▶ Provided material
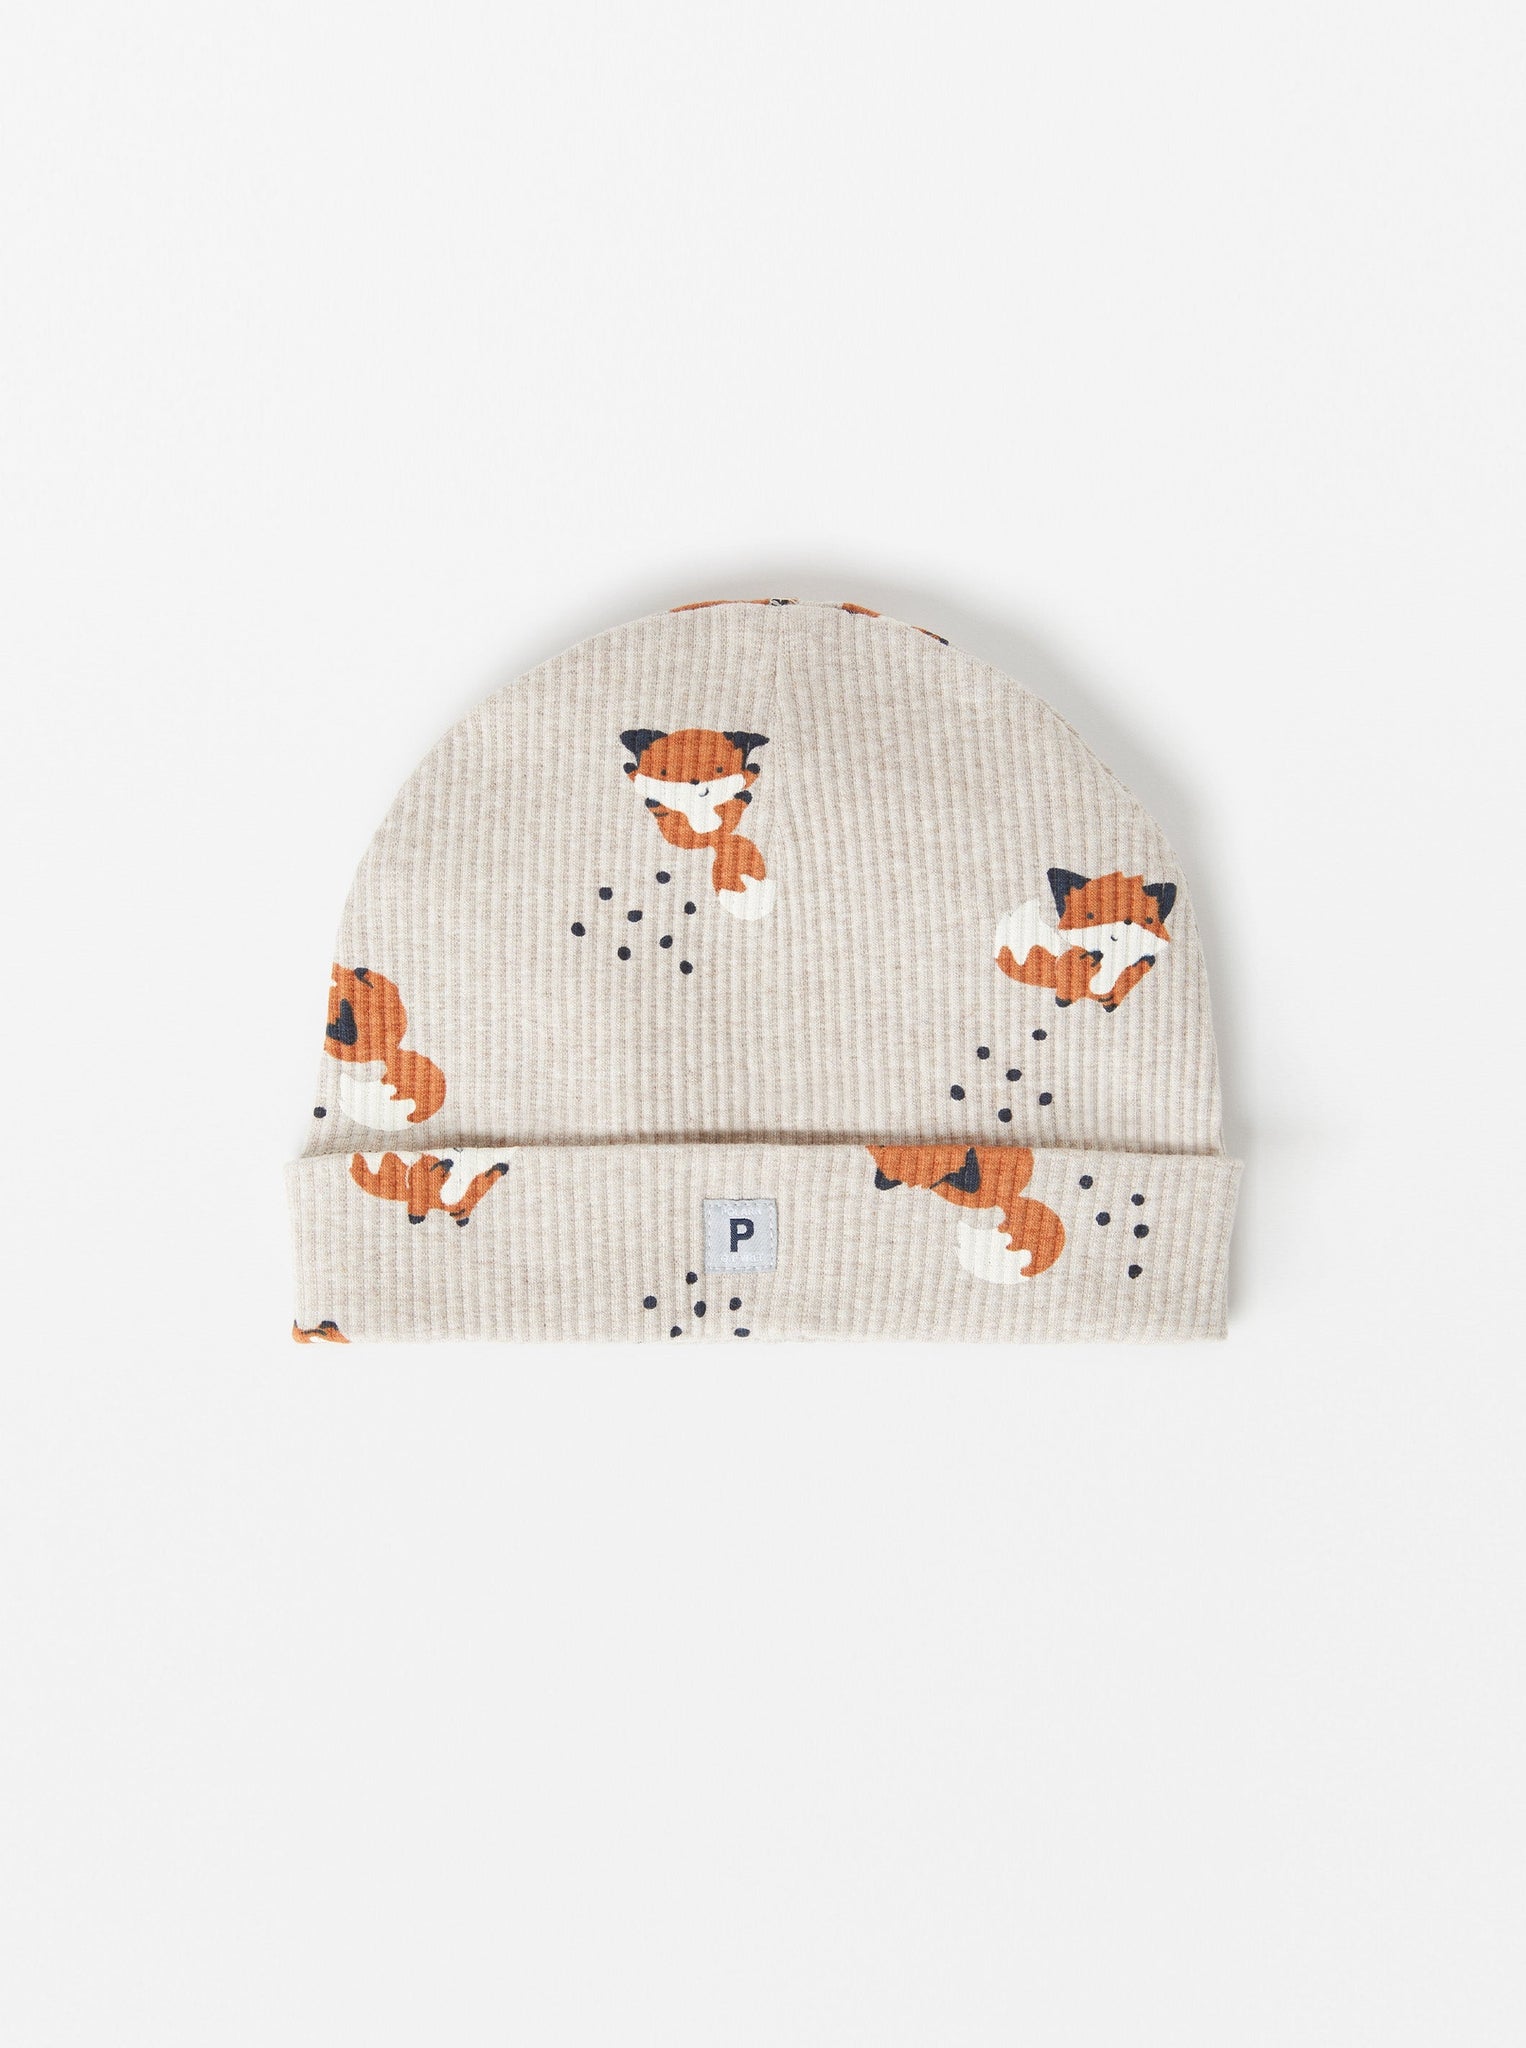 Organic Cotton White Baby Hat from the Polarn O. Pyret babywear collection. Clothes made using sustainably sourced materials.
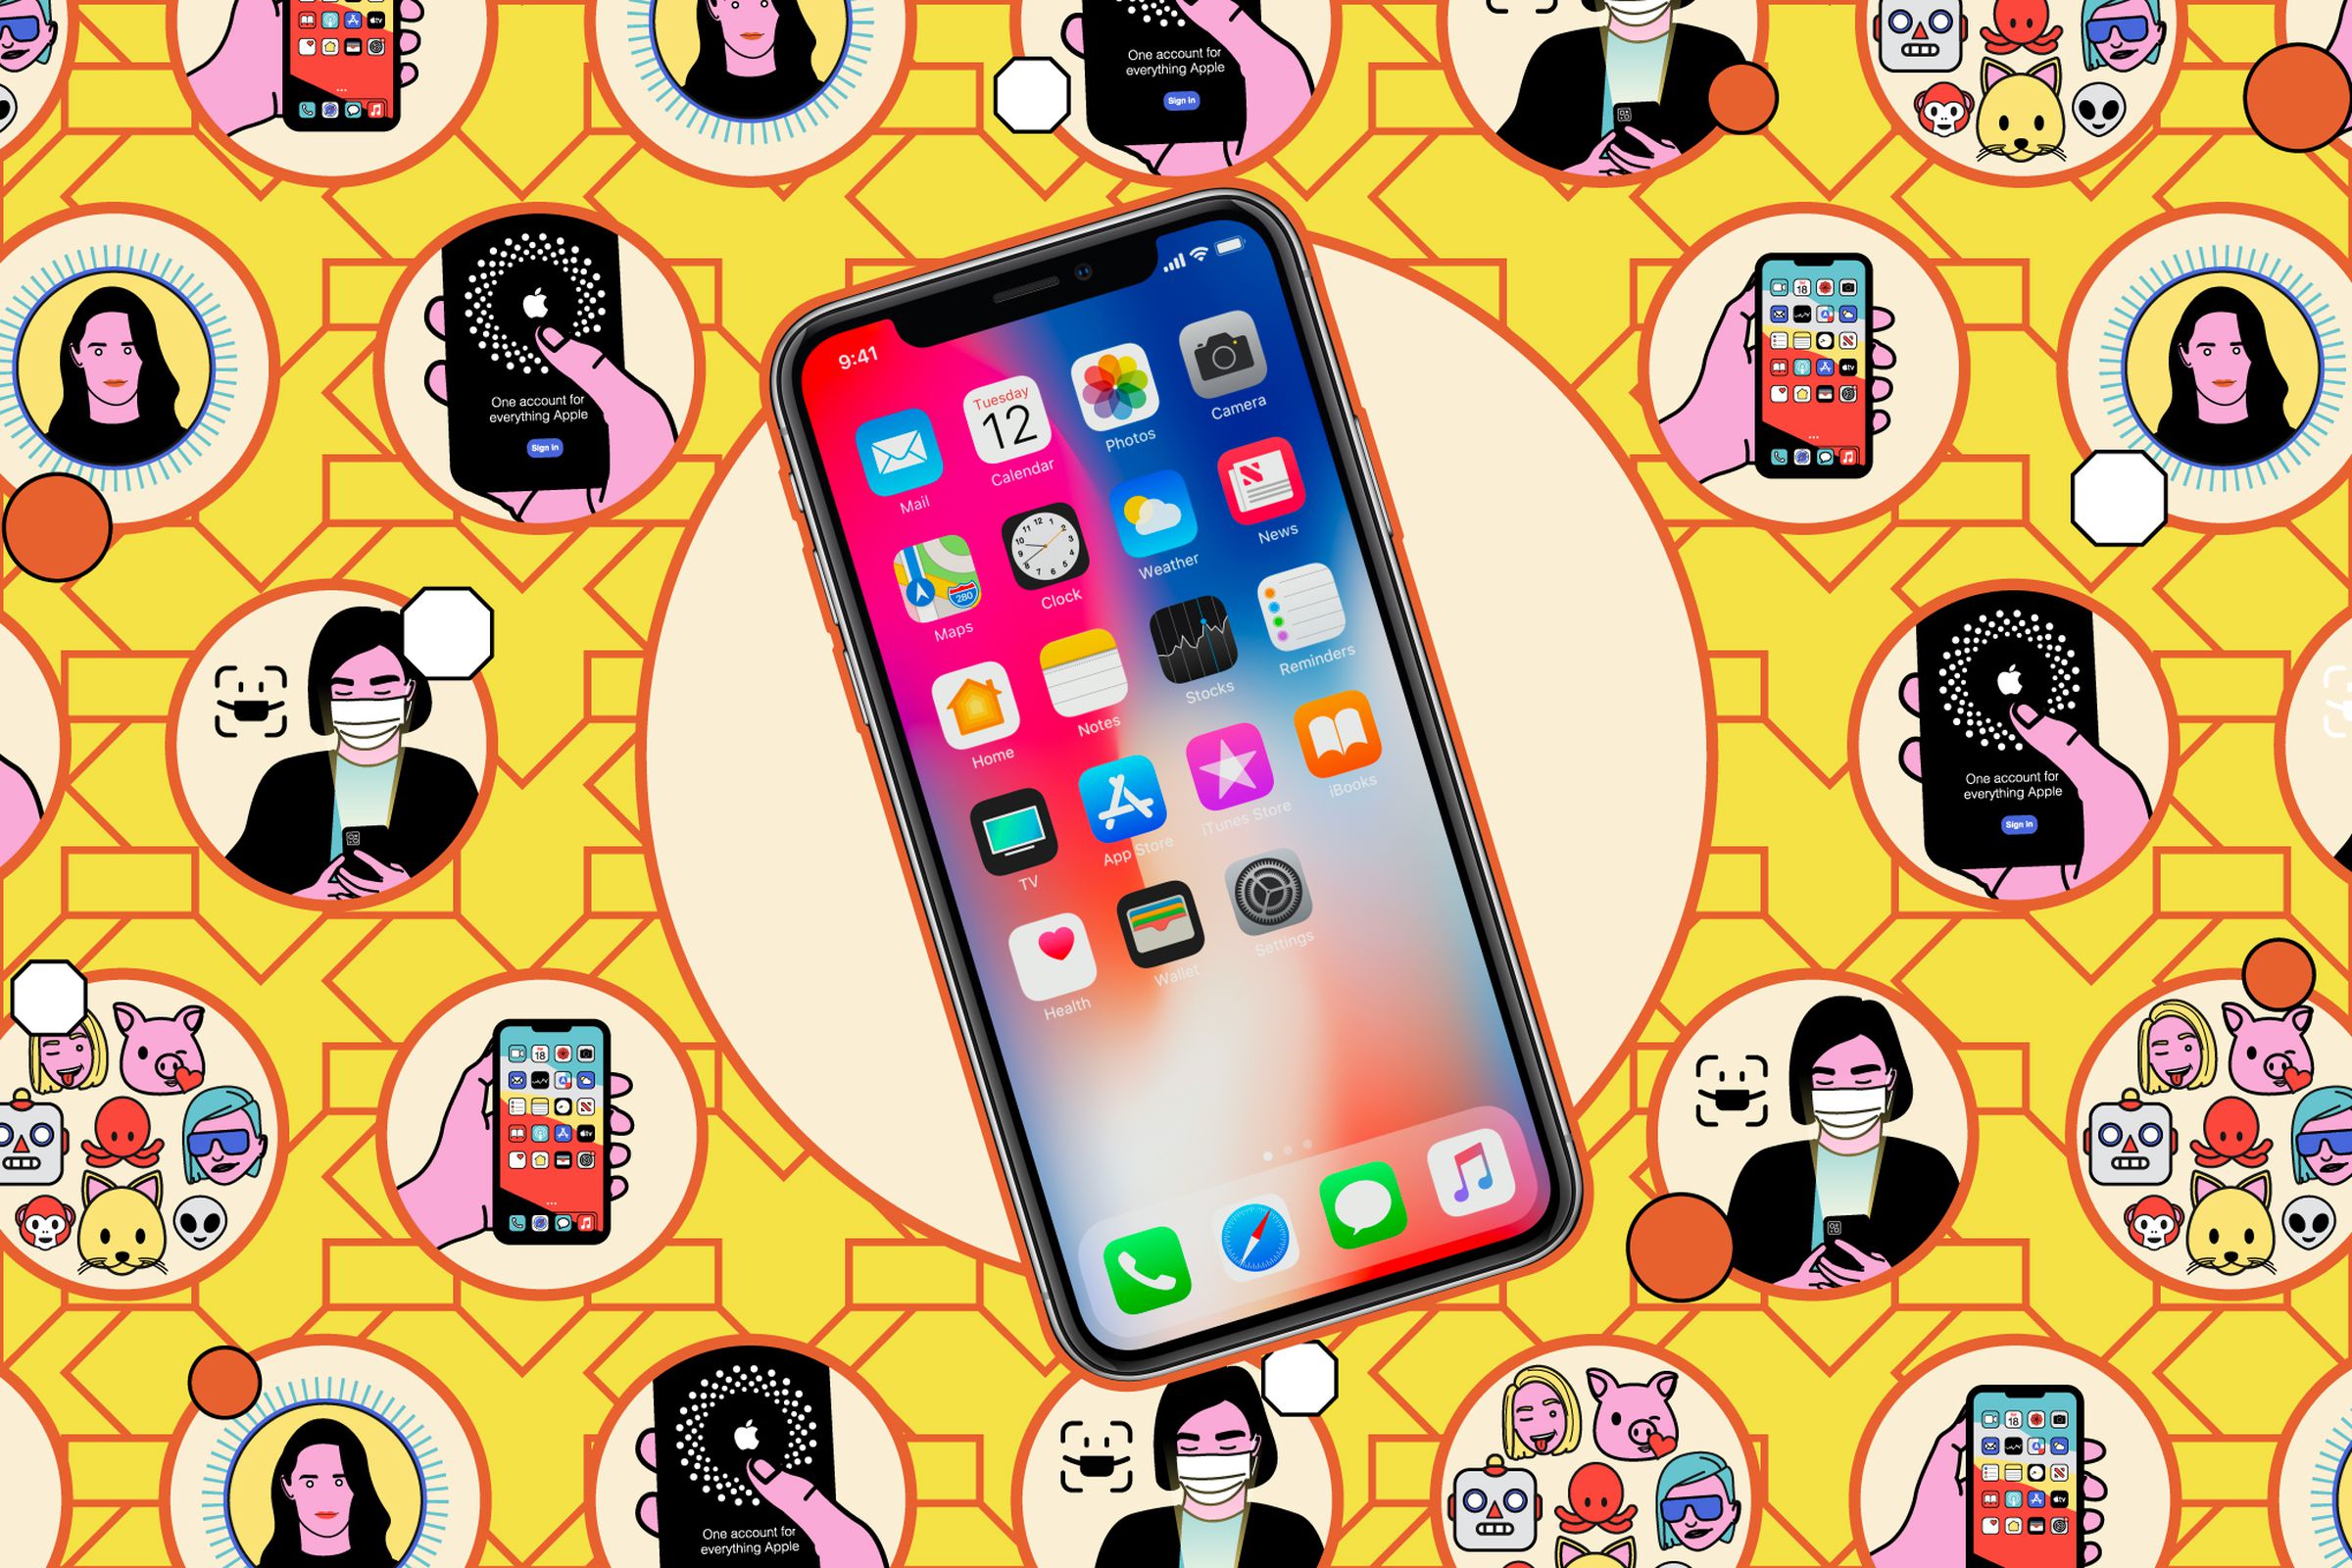 An iPhone overlaid on a yellowish circle with red border, with circles laid out in a honeycomb grid surrounding it that have small illustrations of iOS-themed images.
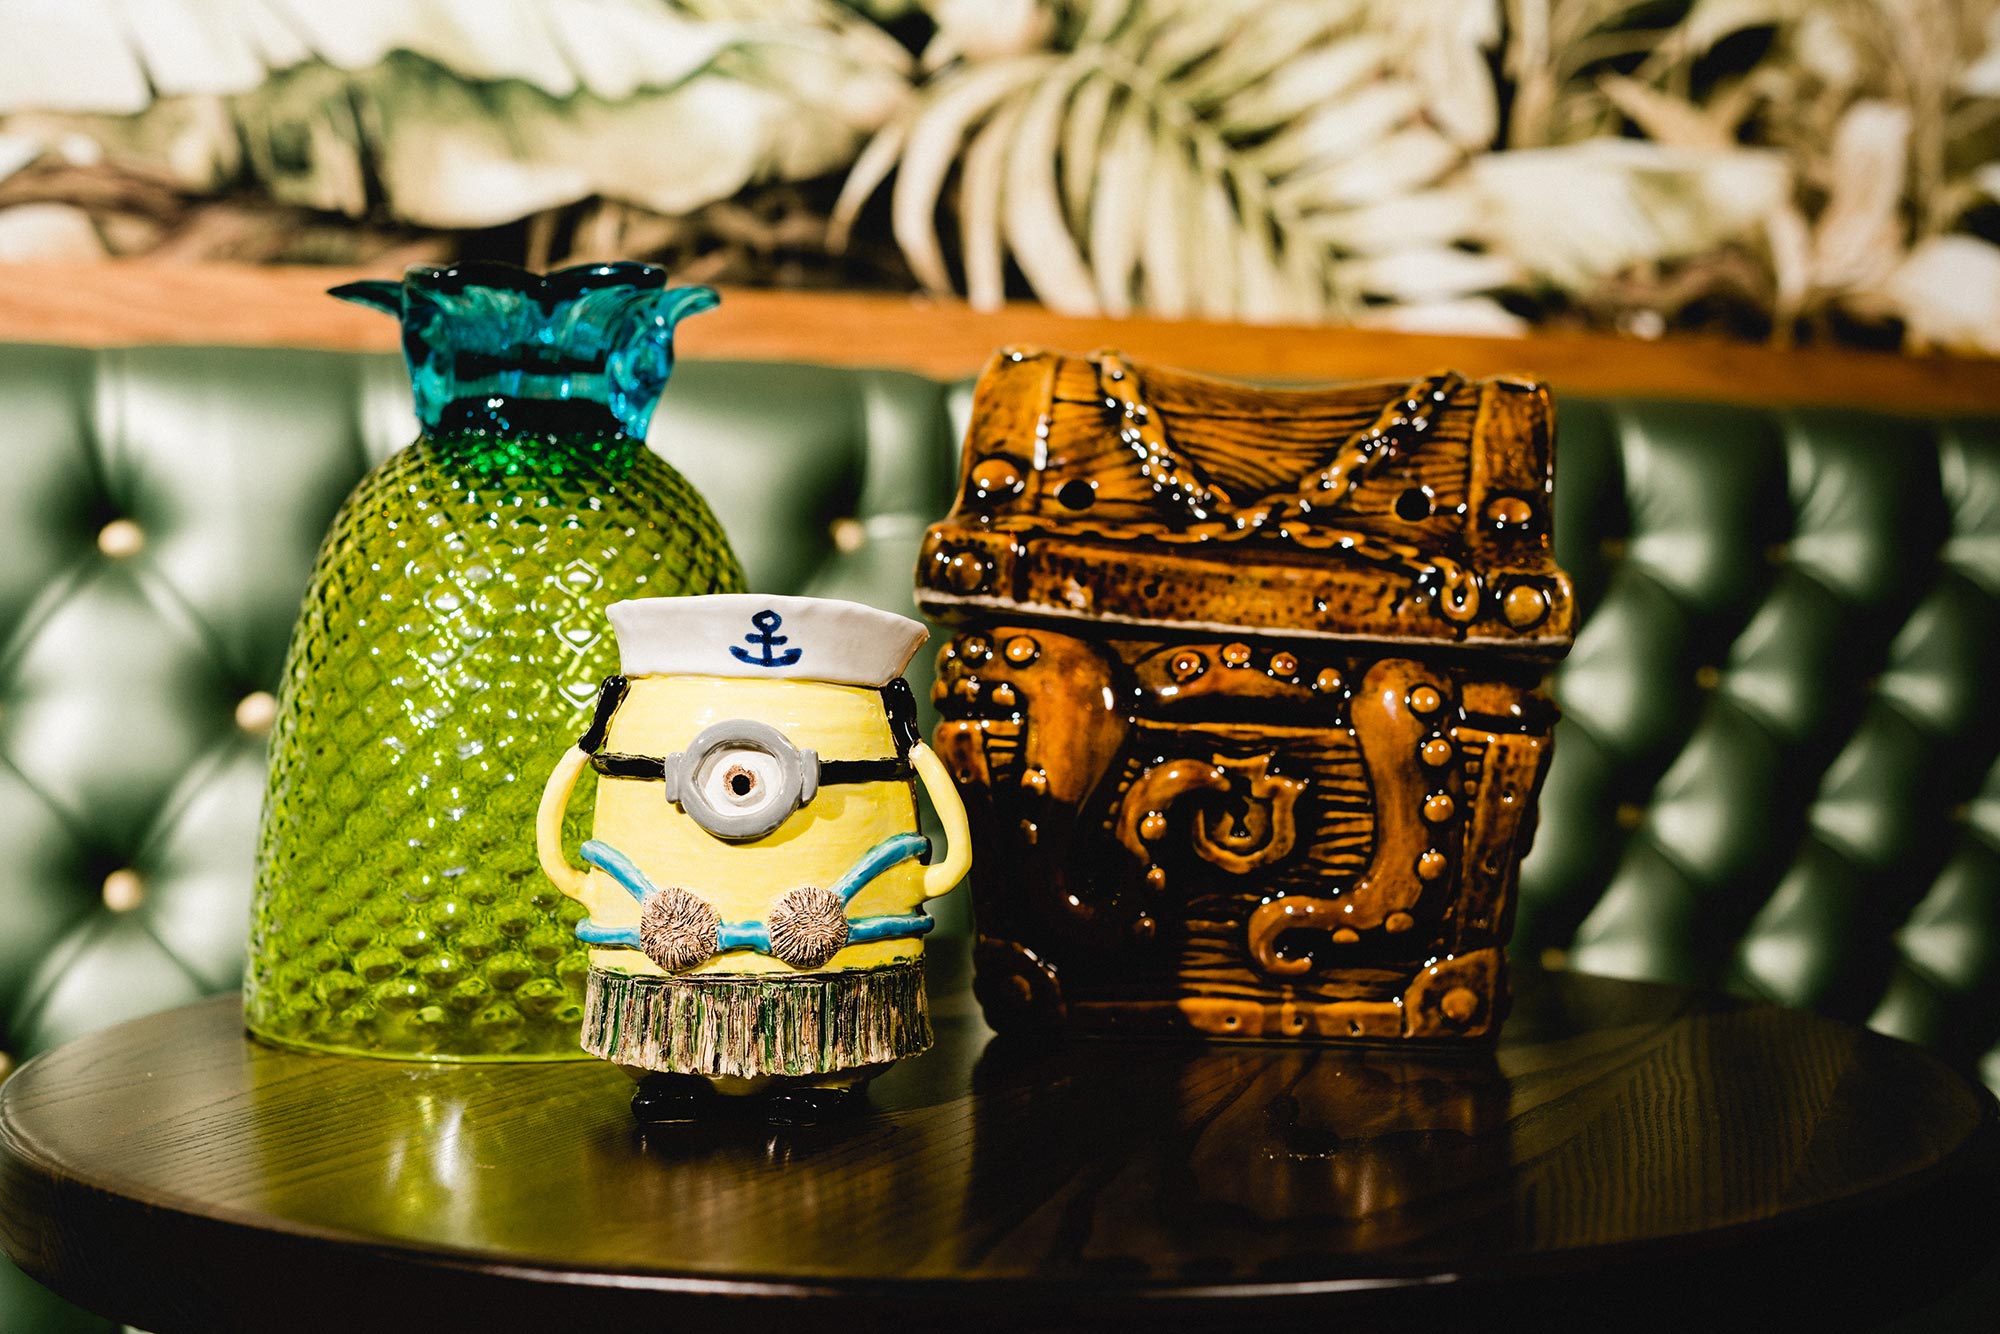 Tiki decoration including a glass pineapple shaped bowl, Despicable Me Minion dressed in a hula skirt and sailor cap, and ceramic treasure chest with octopus tentacles sticking out of it on a table at Shore Leave tiki bar in Boston.

▶ What to do
With every picture left out, print exactly the lines from the one containing "An iPhone overlaid" through the final line of the material above.

▶ Task answer
 An iPhone overlaid on a yellowish circle with red border, with circles laid out in a honeycomb grid surrounding it that have small illustrations of iOS-themed images.
 Tiki decoration including a glass pineapple shaped bowl, Despicable Me Minion dressed in a hula skirt and sailor cap, and ceramic treasure chest with octopus tentacles sticking out of it on a table at Shore Leave tiki bar in Boston.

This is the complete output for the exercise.